In theory this should all just work. However, the system is complex and so undoubtedly there will be times when this module behaves other than you might expect. Therefore, the current set of heuristics is listed below for your debugging delight:
Bio::MAGETAB class Identity depends on:
------------------ -------------------
Bio::MAGETAB::ArrayDesign name accession termSource
Bio::MAGETAB::Assay name
Bio::MAGETAB::Comment name value object*
Bio::MAGETAB::CompositeElement name
Bio::MAGETAB::Contact firstName midInitials lastName
Bio::MAGETAB::ControlledTerm category value termSource accession
Bio::MAGETAB::DataAcquisition name
Bio::MAGETAB::DatabaseEntry accession termSource
Bio::MAGETAB::DataFile uri
Bio::MAGETAB::DataMatrix uri
Bio::MAGETAB::Edge inputNode outputNode
Bio::MAGETAB::Extract name
Bio::MAGETAB::Factor name
Bio::MAGETAB::FactorValue factor term measurement
Bio::MAGETAB::Feature blockCol blockRow col row array_design*
Bio::MAGETAB::Investigation title
Bio::MAGETAB::LabeledExtract name
Bio::MAGETAB::MatrixColumn columnNumber data_matrix*
Bio::MAGETAB::MatrixRow rowNumber data_matrix*
Bio::MAGETAB::Measurement measurementType value minValue maxValue unit object*
Bio::MAGETAB::Normalization name
Bio::MAGETAB::ParameterValue parameter protocol_application*
Bio::MAGETAB::Protocol name accession termSource
Bio::MAGETAB::ProtocolApplication protocol edge*
Bio::MAGETAB::ProtocolParameter name protocol
Bio::MAGETAB::Publication title
Bio::MAGETAB::Reporter name
Bio::MAGETAB::SDRF uri
Bio::MAGETAB::SDRFRow rowNumber sdrf*
Bio::MAGETAB::Sample name
Bio::MAGETAB::Source name
Bio::MAGETAB::TermSource name
Not all the slots are needed for an object to be identified; for example, a Contact object might only have a lastName. Asterisked (*) terms are those which do not correspond to any attribute of the Bio::MAGETAB class. These are typically "container" objects, i.e. those involved in aggregating the target objects.

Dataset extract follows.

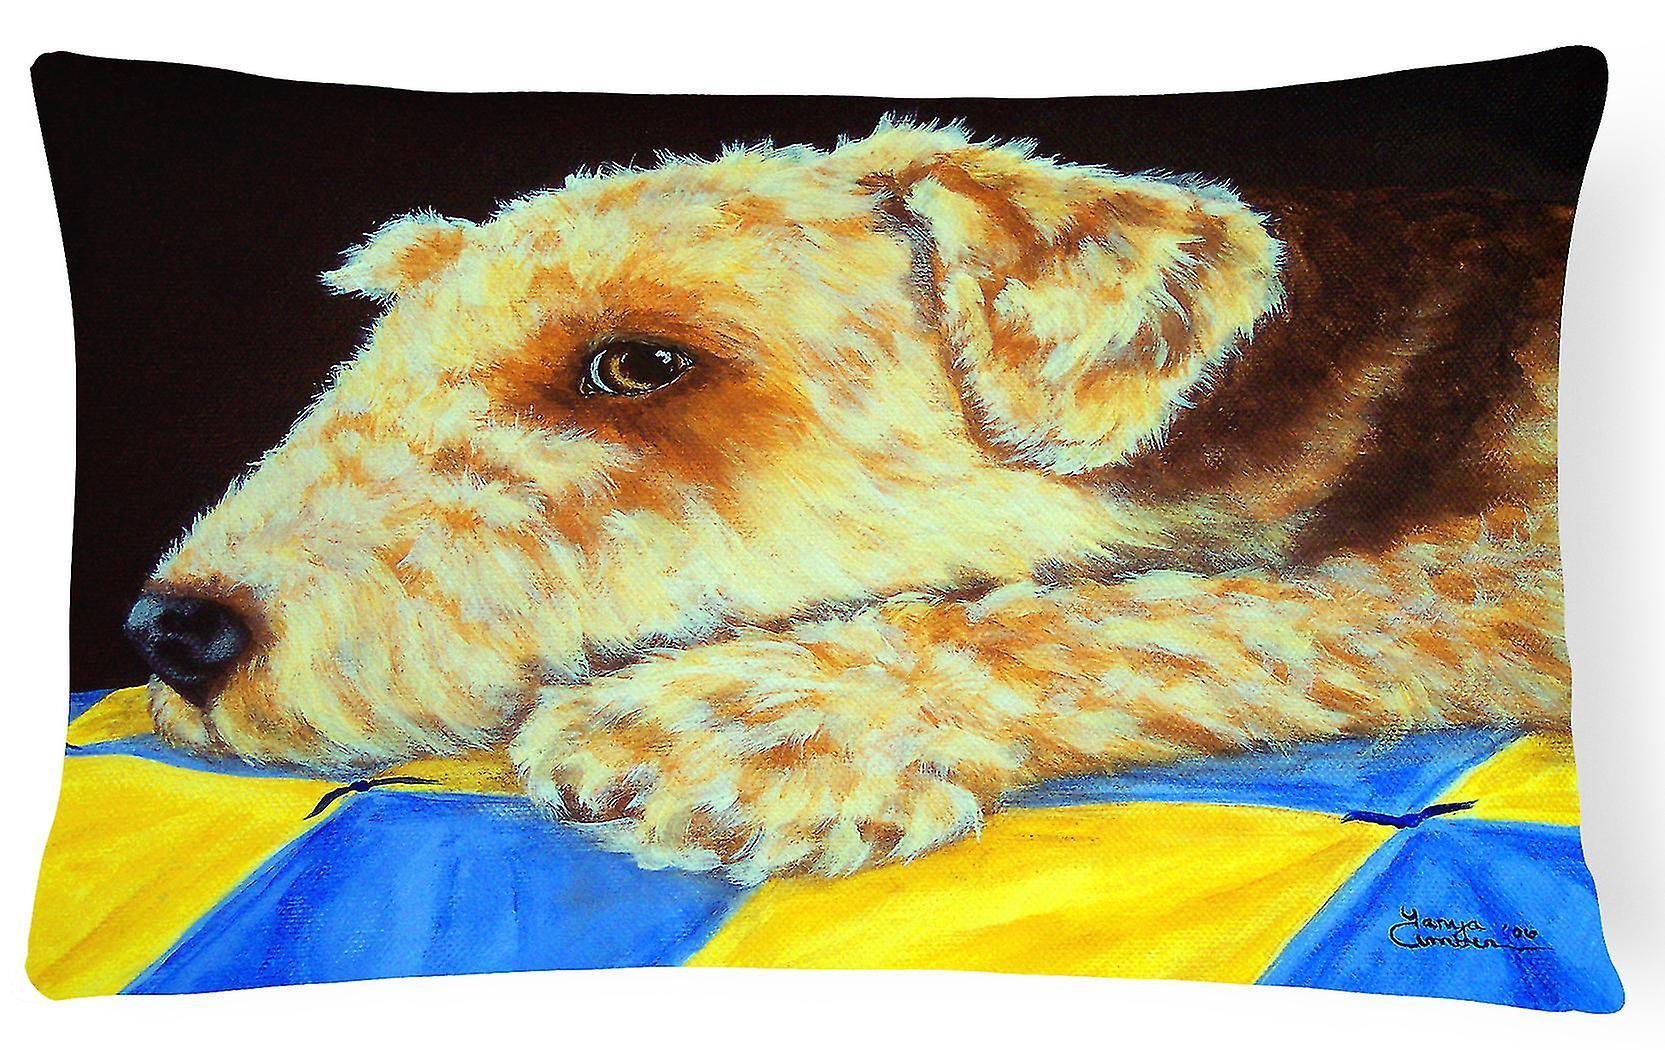 Quilt Oreiller Momma Terrier Fabric Décoratif Airedale De y0vmnwON8
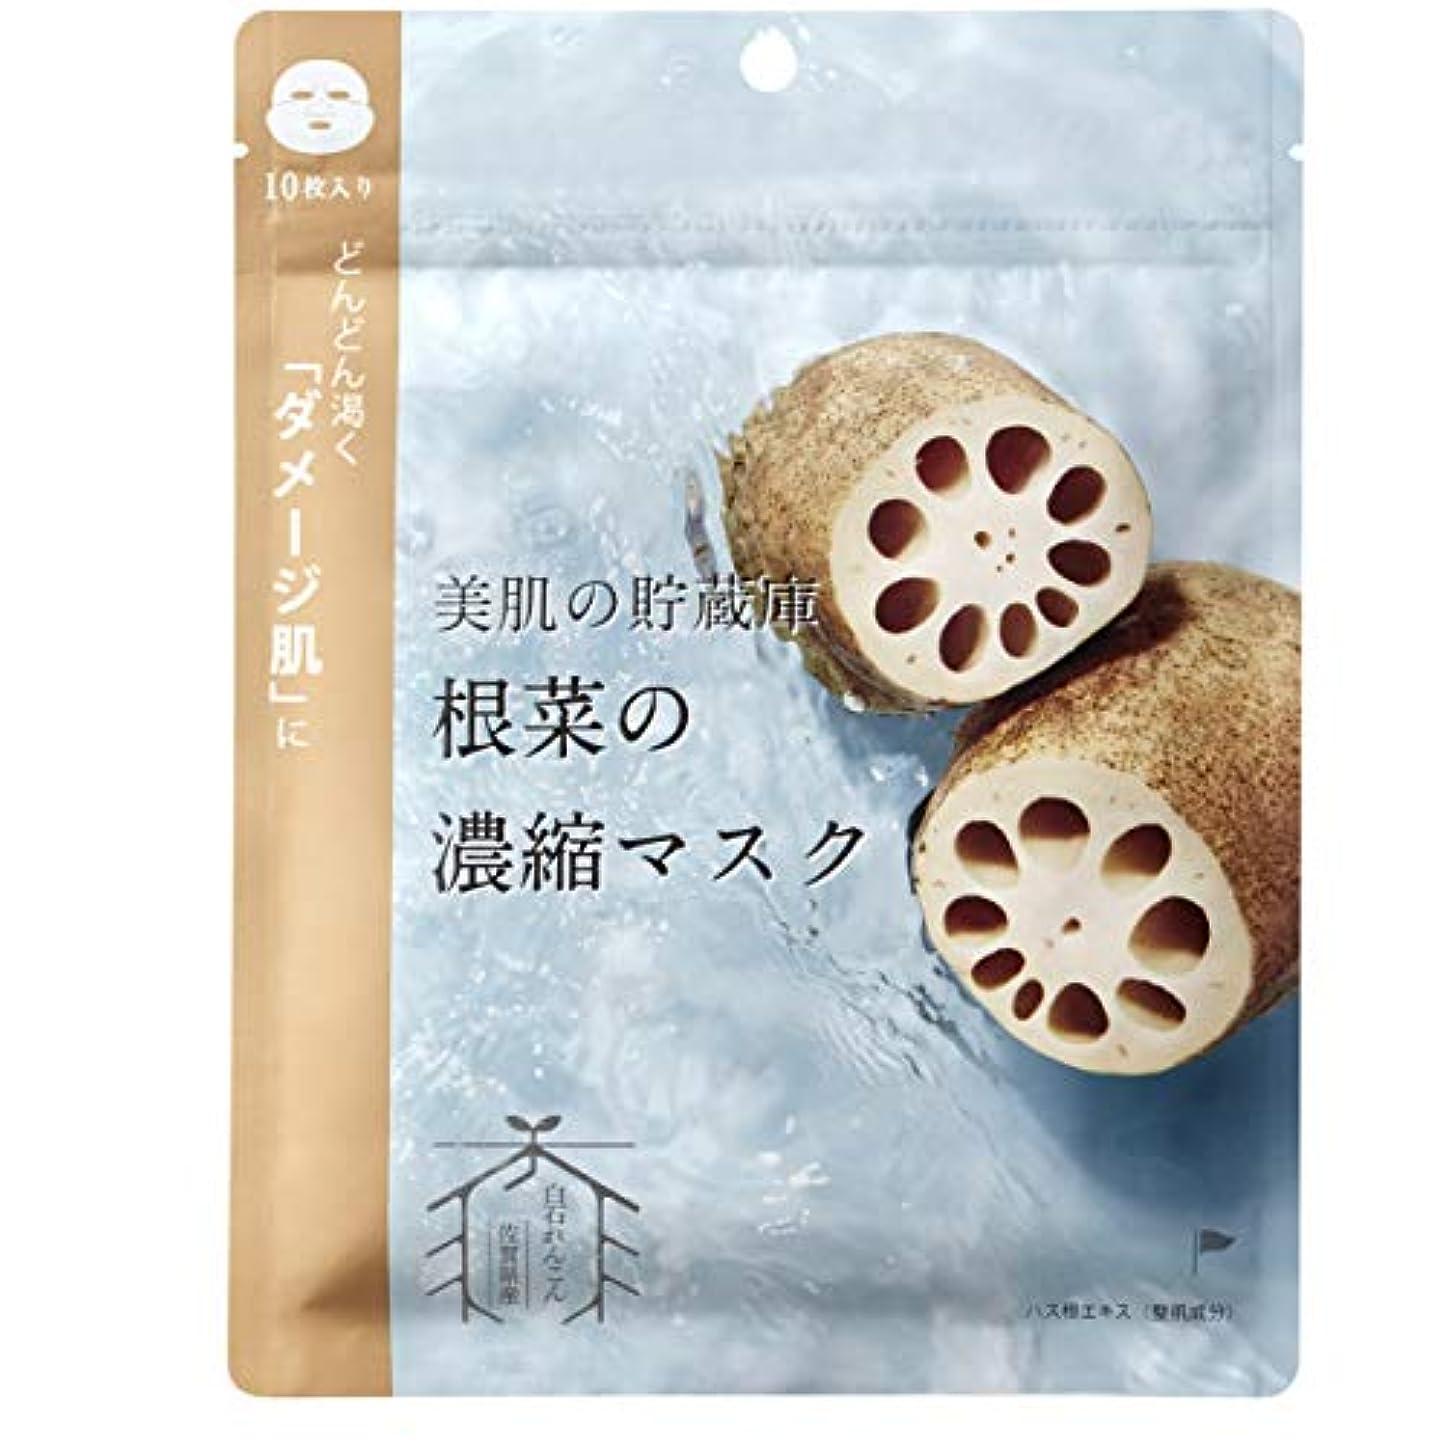 ファックス兵器庫穿孔する@cosme nippon 美肌の貯蔵庫 根菜の濃縮マスク 白石れんこん 10枚入 160ml

For example, the identity of a given Comment object is tied up with the "object" to which it has been applied. These objects are passed in as part of the object instantiation hash reference, and are discarded prior to object creation. NOTE: These aggregating objects are not processed in any way by Builder; you will need to ensure the objects are correctly linked together yourself.
KNOWN BUGS
The identity of Bio::MAGE::ProtocolApplication objects is based solely around the Protocol being applied, and the Edge to which it is attached. Ideally, the protocol application date would also be included, but this can create problems for persistence-based Builder subclasses where the exact serialization behavior of DateTime objects needs to be defined (see the DBLoader class). This is a tractable problem, but a fix has been omitted from this release since the use case (the same Protocol applied to a single Edge multiple times on different dates) seems a minor one. The workaround is to split the protocol applications into as many Edges as are needed.
SEE ALSO
Bio::MAGETAB Bio::MAGETAB::Util::Reader Bio::MAGETAB::Util::DBLoader
AUTHOR
Tim F. Rayner <tfrayner@gmail.com>
LICENSE
This library is released under version 2 of the GNU General Public License (GPL).